MFW AW16: Roberto Cavalli

In Milan this season Roberto Cavalli’s Peter Dundas worked his magic at the Italian fashion house, once again adopting the decadent boho-luxe of the moment and bringing it to Cavalli in manner of fact, frilly edges and fur trims that would even give Roberto a run for his money.

I don’t even think Roberto would have thought to go as far as garishly dying fur in tiger stripes, but these kind of sartorially impetuous decisions suddenly makes his brand feel all the more millennial, which we are quite sure he won’t mind.

KIM_3374

KIM_3570

KIM_3838

Much like the tiger refraining from changing his stripes, the brazen beauty was still there and not in short supply. Dundas understanding of designing in and for Italy meant that for one of the first times this season baroque communicated with grunge in a wonderfully campy but still accessible way.

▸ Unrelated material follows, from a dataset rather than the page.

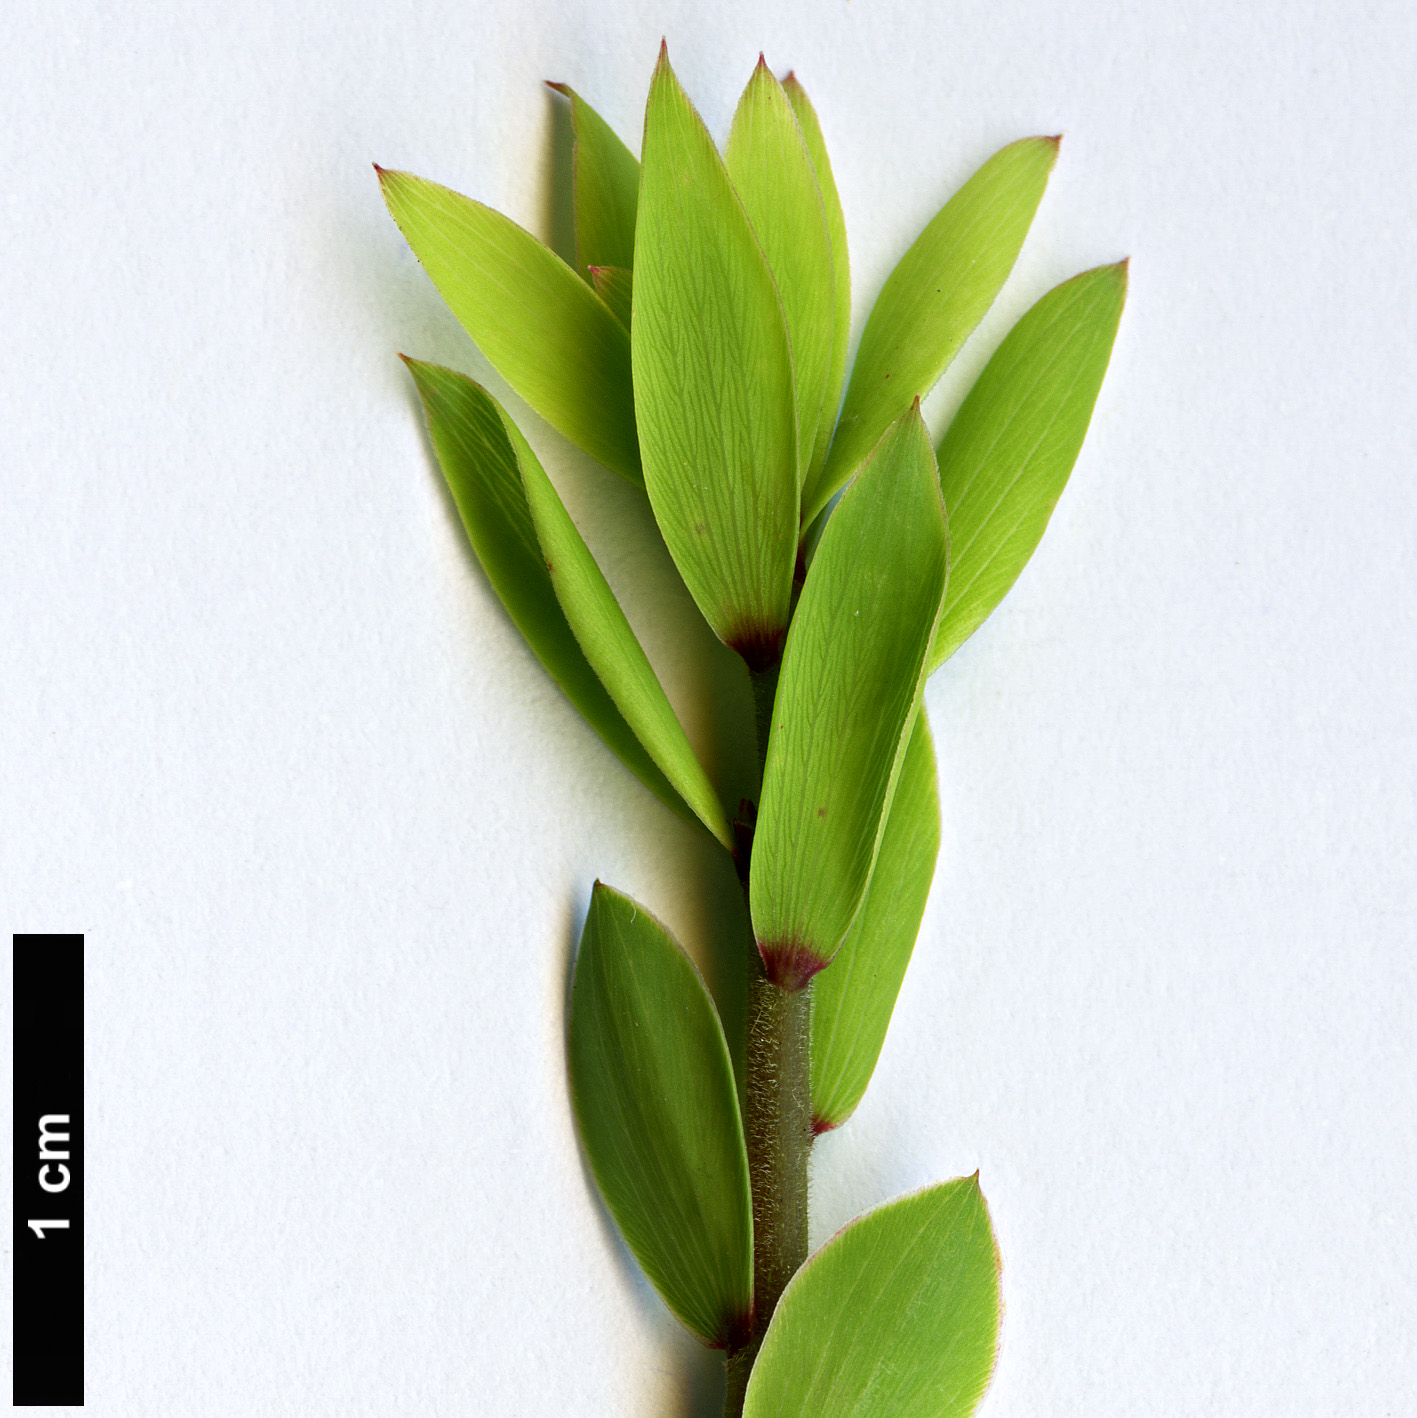 High resolution image: Family: Ericaceae - Genus: Leucopogon - Taxon: fasciculatus

Looks for men and women were also united this season, in a move that is catching on throughout the upper echelons of the fashion capitals. This meant a look first seen on the menswear runway only last month and assembled for the catwalk once again, a look built around a multi-colour horizontally striped snakeskin jacket, was presented in feminised form for her.

KIM_4319

KIM_3990

KIM_4203

All in all, Dundas is generally trying out a hard pill to swallow tactic at Cavalli, but then again, he’s also playing his cards right doing this. He’s drawing from current industry obsessions, giving it the almost ironically Cavalli treatment and launching all this at it, and then some. This should, for a brand that’s always been indeed one of the hardest pills for many of the fashion pack to swallow, should keep it moving in a way that’ll keep people engaged enough.